Resulta interesante ver la descomposición por países de nuestras exportaciones. Mientras que aumentó 15.2 por ciento en el último año, exportamos 35.8 por ciento más a Canadá, 20.5 por ciento más a Chile y aumentos muy grandes (pero a partir de bases muy pequeñas) a Italia (1244.6 por ciento) y a Arabia Saudita (157.4 por ciento). En cambio, hemos visto disminuciones a Argentina (-61.3 por ciento), Brasil (-18.4 por ciento), Colombia (17.1 por ciento), Alemania (-10.1 por ciento) y China (-5.0 por ciento). Se debe considerar que estas cifras solo abarcan la exportación de vehículos terminados, por lo que faltan los vehículos pesados (como tractocamiones) y todo lo que representa la industria de autopartes (que representa alrededor de la mitad del mercado).
Las exportaciones de la industria automotriz son claves para México, ya que representa casi una tercera parte de las exportaciones no petroleras del país. Son uno de los motores de crecimiento más importantes del país, ya que inyecta dinamismo a la economía interna, que no ha mostrado un buen desempeño en los últimos dos años. Sin embargo, la mejor noticia que reporta la AMIA ahora no es de la producción total o de las exportaciones, sino de las ventas al mercado nacional. Después de alcanzar niveles máximos en 2006, el mercado interno sufrió un descalabro mayor en la recesión de 2008-2009, que mantuvo deprimido las ventas por muchos años. Entre que las autoridades permitieron la importación de coches chocolates y después autorizaron la importación de vehículos chatarra, en México la compra de automóviles nuevos per cápita llego a niveles muy por debajo de otros países como Argentina y Brasil.

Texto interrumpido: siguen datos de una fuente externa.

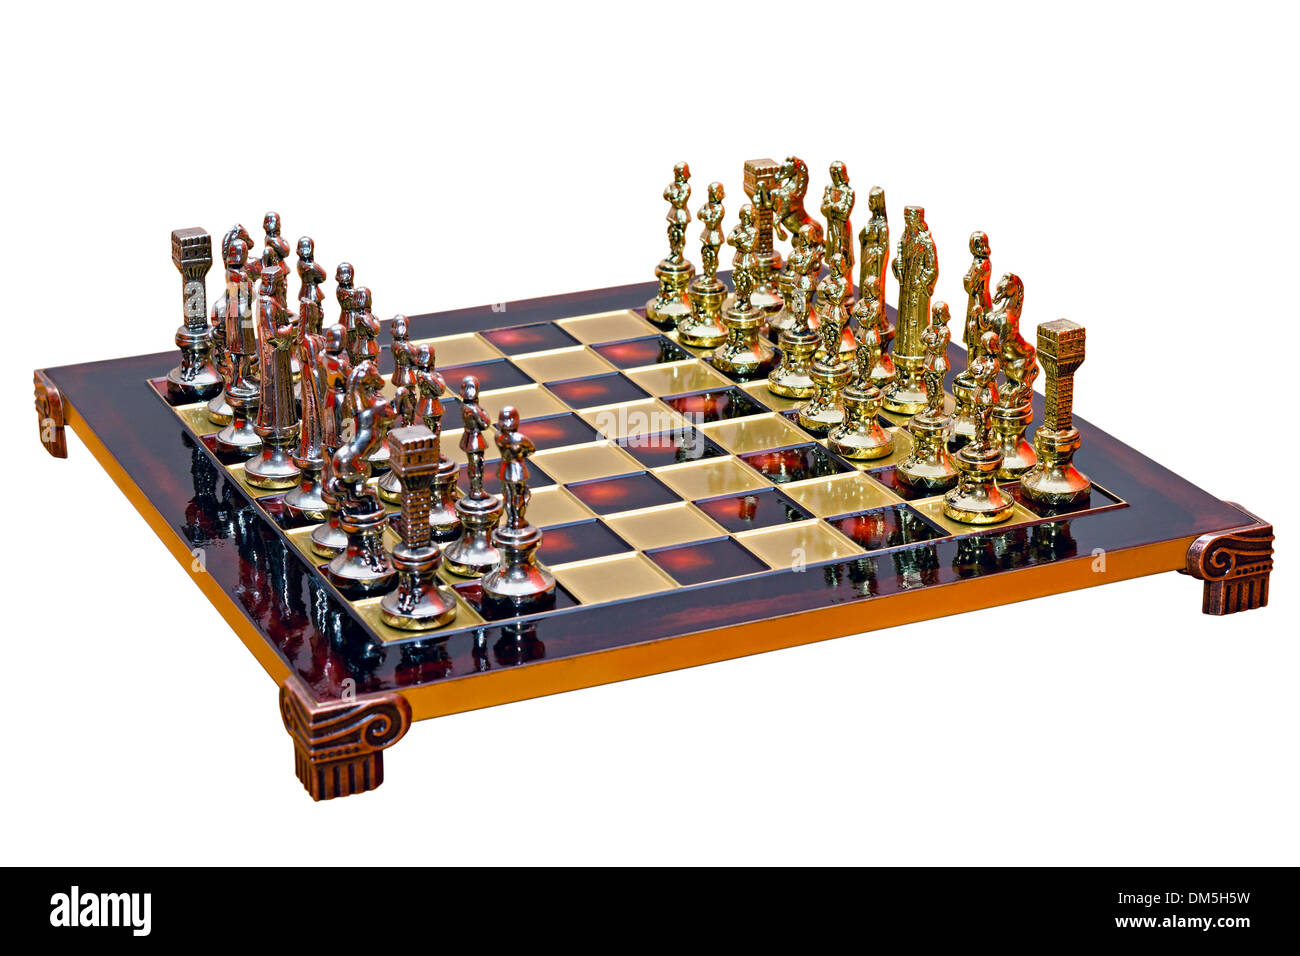 cast iron lacquered chess board isolated on white background Stock Photo
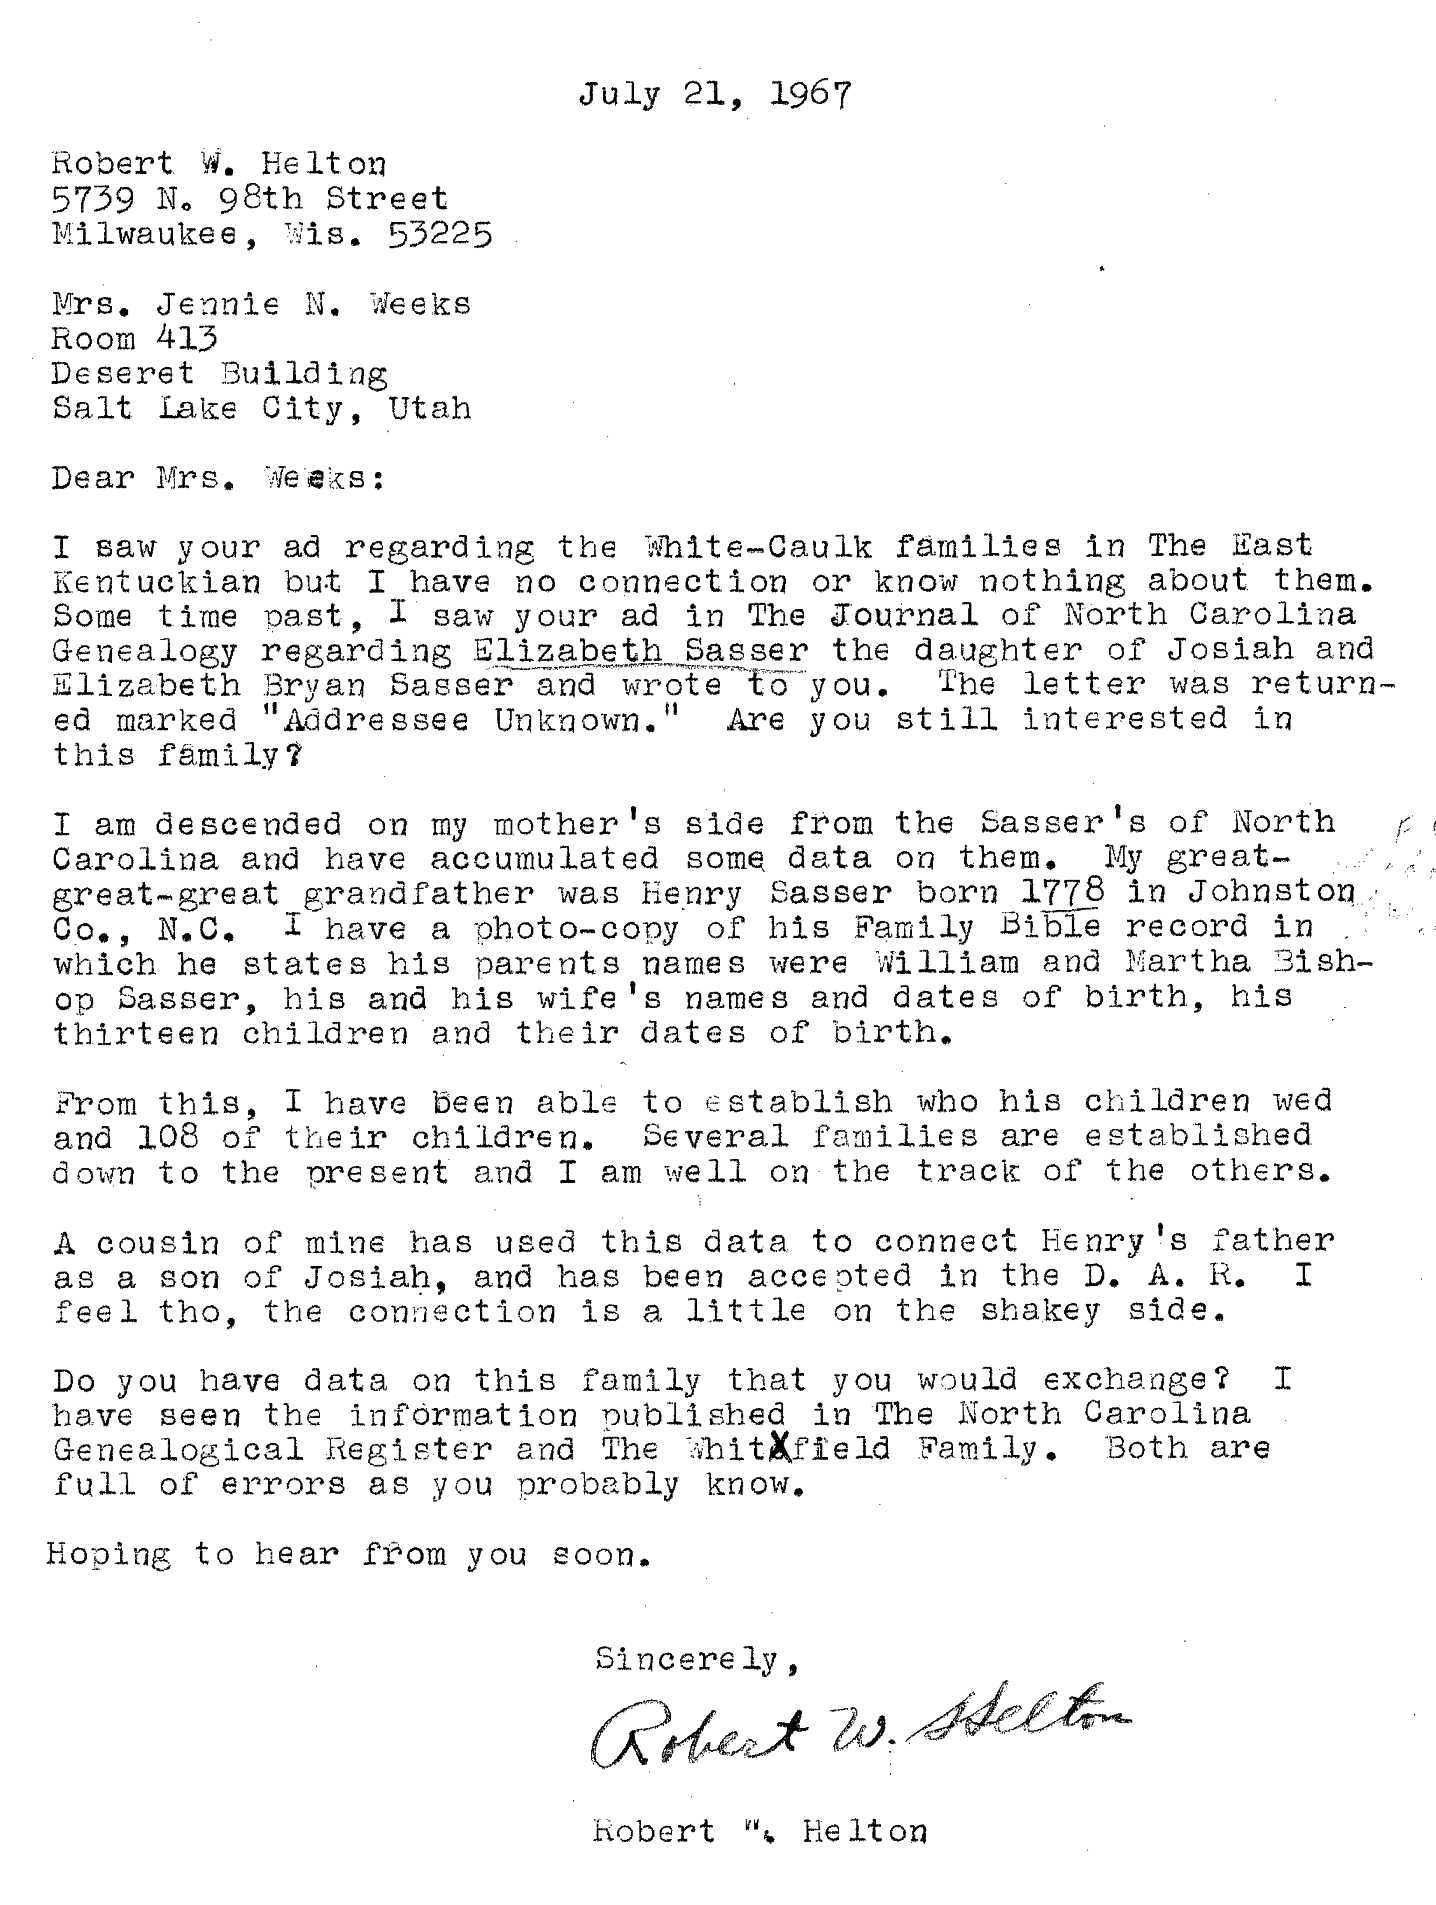 Letter from Robert Helton 2small

Afortunadamente, la venta de automóviles ha crecido a dos dígitos en los últimos siete meses y ahora en enero alcanzó una tasa anual de 21.3 por ciento. Por primera vez en ocho años, el promedio móvil de doce meses registró un nuevo máximo histórico, es decir, la venta de los últimos doce meses rebasó en enero por primera vez la venta máxima que se había alcanzado en noviembre de 2006. Esta noticia es extraordinaria, ya que representa un dinamismo importante de la economía interna, que como todos saben, bien nos hace falta. Pudiera representar el comienzo del mayor crecimiento tan anhelado. ¿Será?